Галя скучала. Утром в школу, днем из школы, гулять во дворе, делать уроки, вечером родители проверяют дневник, орут друг на друга, смотрят телевизор и спать. Галю тошнило от этого. Когда отчим пьяный, проорется и упадет, мама спит на раскладушке рядом с галиной кроватью. У мамы некрасивая ночнушка и морщины, и на редких волосах бигуди. Когда Галя вырастет, у нее будет красивая шелковая ночнушка с кружевами, а морщин не будет никогда. А бигуди — вообще! А мужа вообще никакого не надо, на фиг муж? Она сама себе на все заработает.

Но что она могла сейчас, в этих ублюдских колготках, в этой гадостной форме, с этим галстуком, который гладить каждый день. Со склизкой погодой, мерзкими простынями, старыми сапогами, с колючей шапкой, которая шерстит голову, с убогой училкой, у которой морщинистая шея и свисают щеки, а на ногах толстые, извилистые синие вены и фиолетовые деревья. Сдохнуть? Не дождетесь.

Гале скучно было жить, и она развлекалась. Куклы ей быстро надоели, и она играла в люди: ссорила, сталкивала, интриговала, искала кнопки. Найти новую кнопку была радость.
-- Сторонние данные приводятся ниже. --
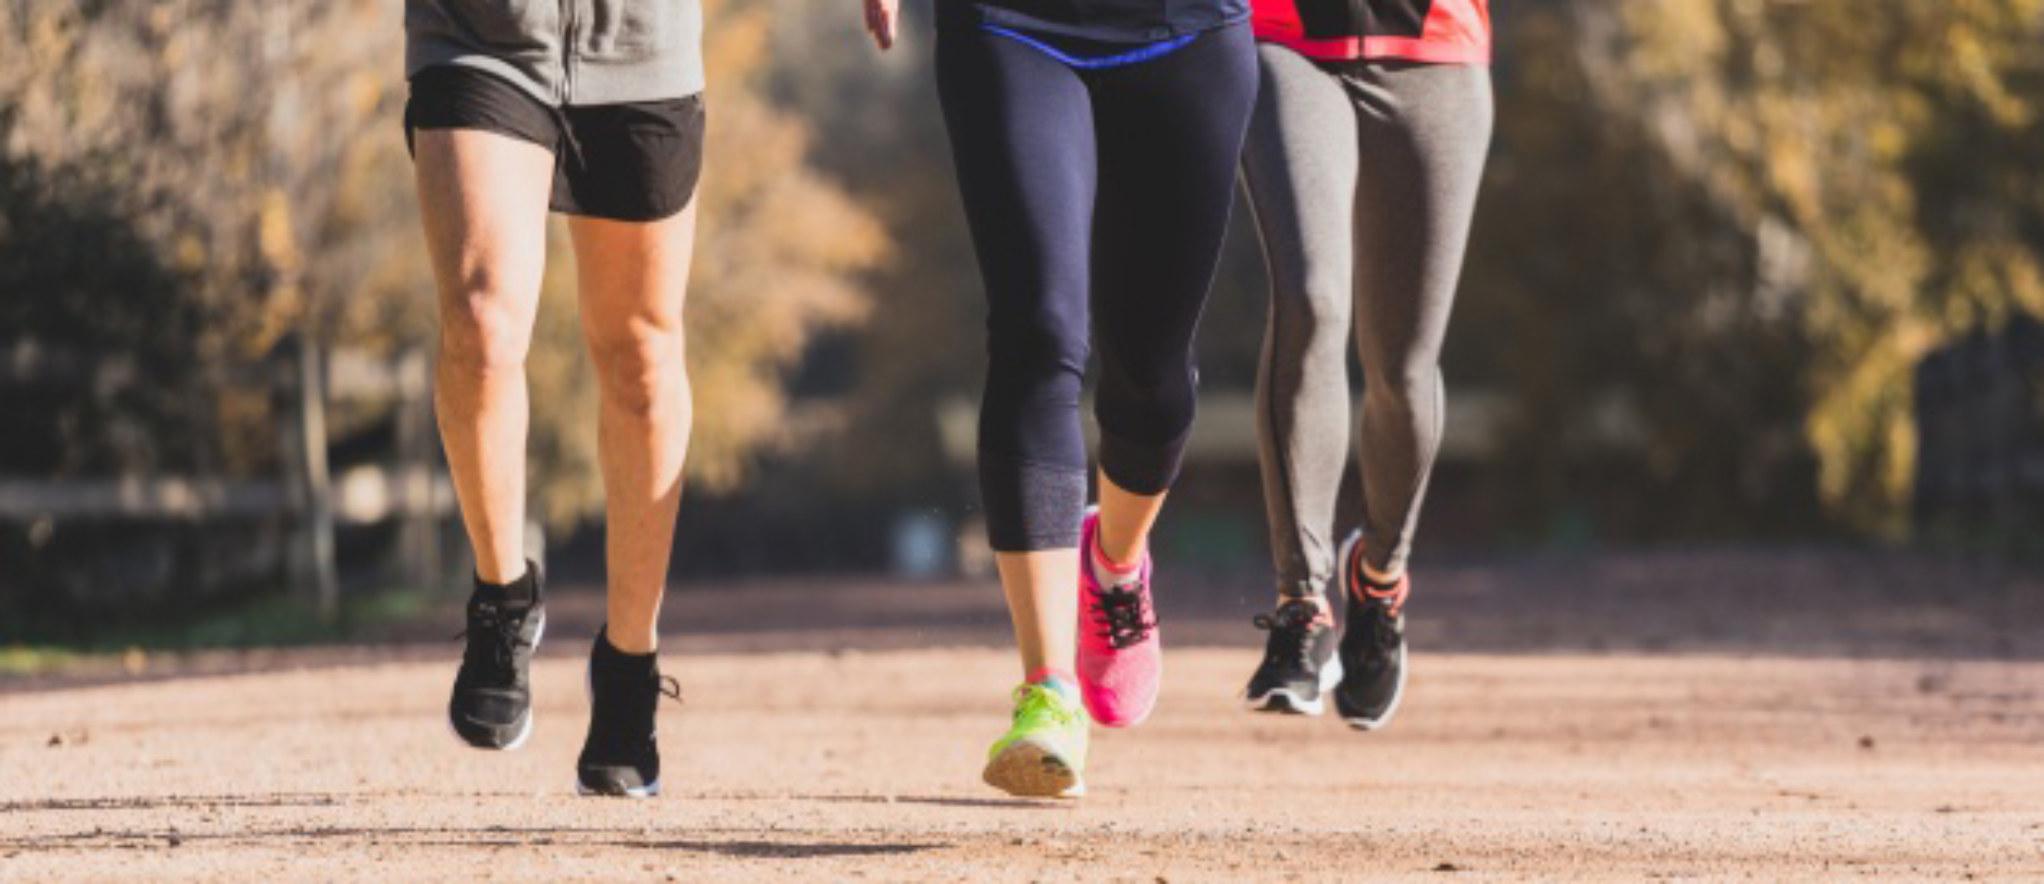 Entrenar sólo los fines de semana sí tiene beneficios para la salud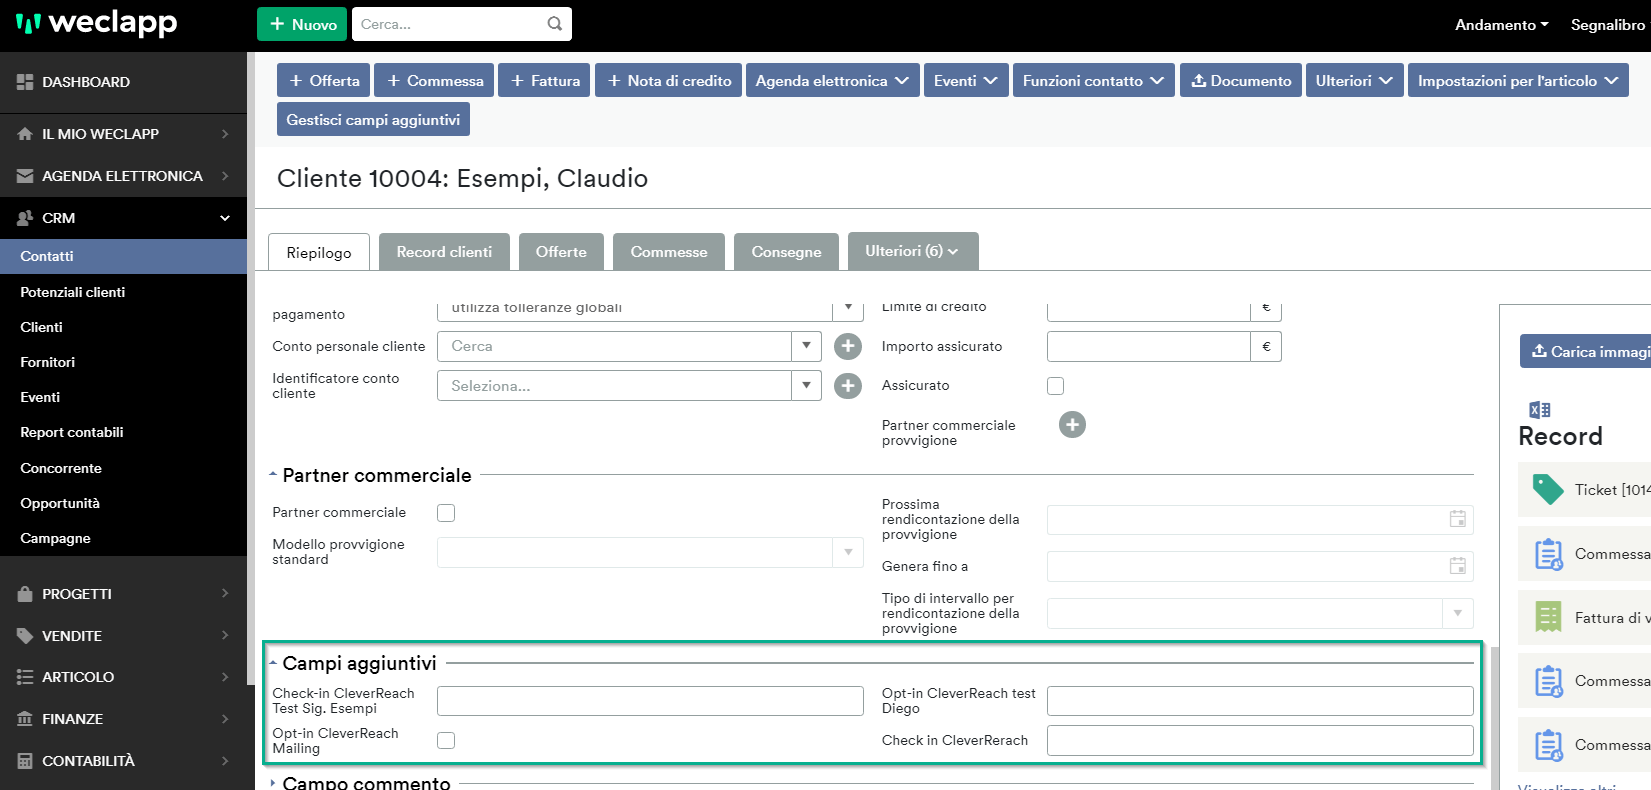 Liste nei contatti

Нажмешь на правую — дрыгает ручонками, на левую — плачет.

У педагогов она кнопки нашла тоже быстро: выучила нужные фразы и обороты, вовремя поднимала руку, отвечала правильно и числилась на хорошем счету. Это было удобно, потому что когда обожатели и придыхатели выдвигали ее в звеньевые, старосты и председатели совета отряда, педагоги не возражали, потому что девочка хоть из проблемной семьи, но взросленькая, ответственная, аккуратная, с лидерскими качествами.

Обожатели и придыхатели скопились возле нее сразу, потому что она всегда давала списать, хотя и в обмен на что-нибудь. Галя не брала много, но ценила свой труд и не отдавала даром: жвачку, конфету, — от них не убудет, а ей кто конфет купит? Отчим? Щас.

Календарик переливной. Стеклянный шарик, бессмысленный абсолютно, но девки ахают: к глазу поднесут и смотрят. Галя посмотрела. Муть одна. Обожателей влекли к ней не только домашки и конфеты, но и великолепное презрение к миру, от которого у них захватывало дух: в нем, кажется, была великая свобода. Они учились у Гали презирать взрослых, а она презирала их самих, и гнала прочь, когда становилось особенно скучно и совсем уже тошно. Глаза бы на них всех не глядели. Были такие, кто не обожал. Их Галя быстро низвела до остракизма, так что пикнуть боялись — пару раз пришлось замараться, собственноручно отвесив пенделя, но это был товарищеский суд, фиг ли — пусть не противопоставляют себя коллективу. Училка пожурила за форму, но одобрила по сути; осужденная товарищеским судом Мясникова потрусила домой, унося отпечаток Галиного сапога, испачканного серой школьной пылью, на жирной заднице, обтянутой коричневой школьной формой. И больше не вякала.